3.2 Das Kassationsgericht stellt im angefochtenen Entscheid seine oben
angeführte, publizierte Praxis zu § 183 StPO nicht grundsätzlich in Frage. Es
ist daher mit dem höchsten Zürcher Gericht davon auszugehen, dass § 183 StPO
keine reine Ordnungsvorschrift darstellt, sondern dass jedenfalls krasse,
nicht durch zwingende sachliche Gründe gerechtfertigte Verstösse dagegen zur
Aufhebung des Urteils führen müssen.
Im vorliegenden Fall geht das Kassationsgericht davon aus, dass solche Gründe
bestünden, die das obergerichtliche Vorgehen, nach der Hauptverhandlung gegen
den Beschwerdeführer über 10 Monate bis zur Urteilsberatung und -fällung
zuzuwarten, rechtfertigen würden.

3.2.1 Das Kassationsgericht hält dem Beschwerdeführer vor, er habe erst am
12. Mai 1999 auf sein Recht verzichtet, die Hauptverhandlung in neuer
Besetzung wiederholen zu lassen. In der Zwischenzeit habe das Obergericht
kein Urteil fällen dürfen, da der Vorsitzende per Ende März 1999 aus dem
Obergericht ausgeschieden sei und eine Urteilsfällung in veränderter
Besetzung nach § 184 StPO nur mit Zustimmung der Parteien zulässig sei.

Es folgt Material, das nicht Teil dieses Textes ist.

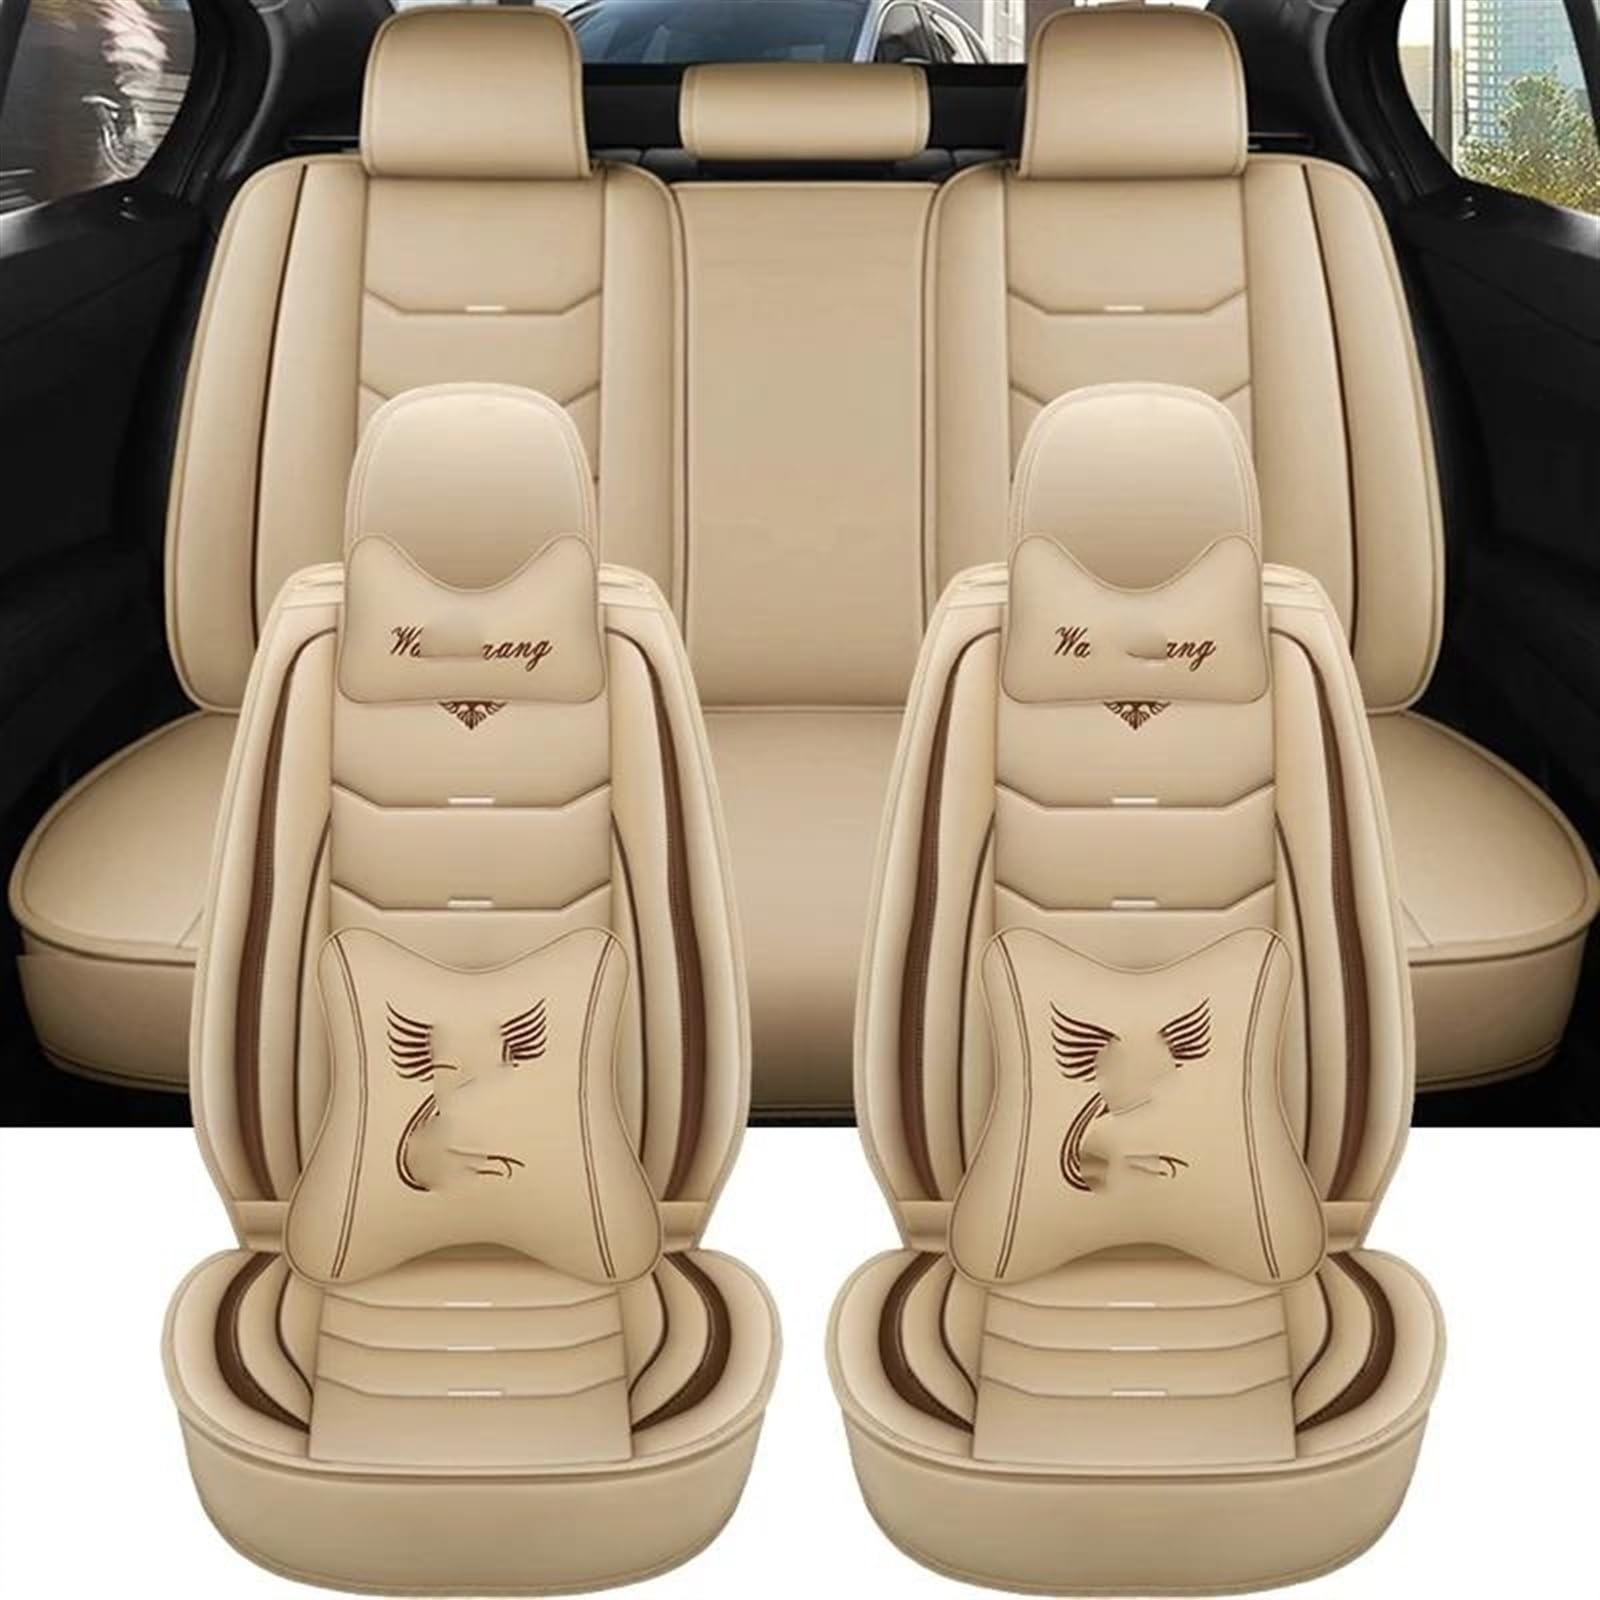 Kompatibel Mit E60 Für F30 E46 E36 E39 E30 5 Sitzplätze Universal-Autositzbezug Innenbezüge Für Vordersitze Rückbank-Sitzbezug-Schutz Schonbezug Autositz(5,color1) von MINBAV

Der Beschwerdeführer bringt in diesem Zusammenhang zu Recht vor, dass ein
rascherer Verzicht von seiner Seite das Verfahren nicht beschleunigt hätte,
weil auch die Geschädigte erst am 12. Mai 1999 auf die Wiederholung der
Berufungsverhandlung verzichtet habe. Überdies war es das Obergericht, das in
der von ihm bestimmten Besetzung auf einen von ihm bestimmten Termin zur
Hauptverhandlung vorgeladen hatte: wenn es dabei in Kenntnis der
Schwierigkeiten des Falles, mit dem es sich schon einmal in gleicher
Besetzung befasst hatte, die Verhandlung fünf Tage vor der Pensionierung des
Vorsitzenden durchführte, so hat es klarerweise die Verzögerung, die eintrat,
weil es die Urteilsberatung und -fällung aus unbekannten Gründen nicht vor
Ende März durchführte, selber zu vertreten. Es ist schlechterdings nicht
haltbar, die Verzögerung zwischen dem 26. März und dem 12. Mai 1999 dem
Beschwerdeführer anzulasten.

3.2.2 Für die restliche Verzögerung bis zur Urteilsfällung am 23. Februar
2000 trifft den Beschwerdeführer ohnehin, wie auch das Kassationsgericht
ausdrücklich anerkennt, kein Verschulden. Beweisergänzungen erfolgten keine
mehr, und der Beschwerdeführer unternahm nichts, was noch weitere prozessuale
Schritte notwendig gemacht hätte. Dass sich ein neuer Richter ins Verfahren
einarbeiten musste, hat, wie dargelegt, das Obergericht zu vertreten, und
dieser Umstand könnte ohnehin, ebenso wie die umfangreiche und anspruchsvolle
Aussageanalyse, höchstens eine Verzögerung von Wochen, nicht aber eine solche
von mehreren Monaten rechtfertigen.

3.2.3 Sachlich offensichtlich unhaltbar ist auch die Begründung des
Kassationsgerichts, mit seinem Verzicht auf die Wiederholung der Verhandlung
nach dem Ausscheiden des Vorsitzenden aus dem Obergericht habe der
Beschwerdeführer implizit dargetan, dass es ihm nicht darauf ankomme, bei den
urteilenden Richtern einen persönlichen Eindruck zu hinterlassen.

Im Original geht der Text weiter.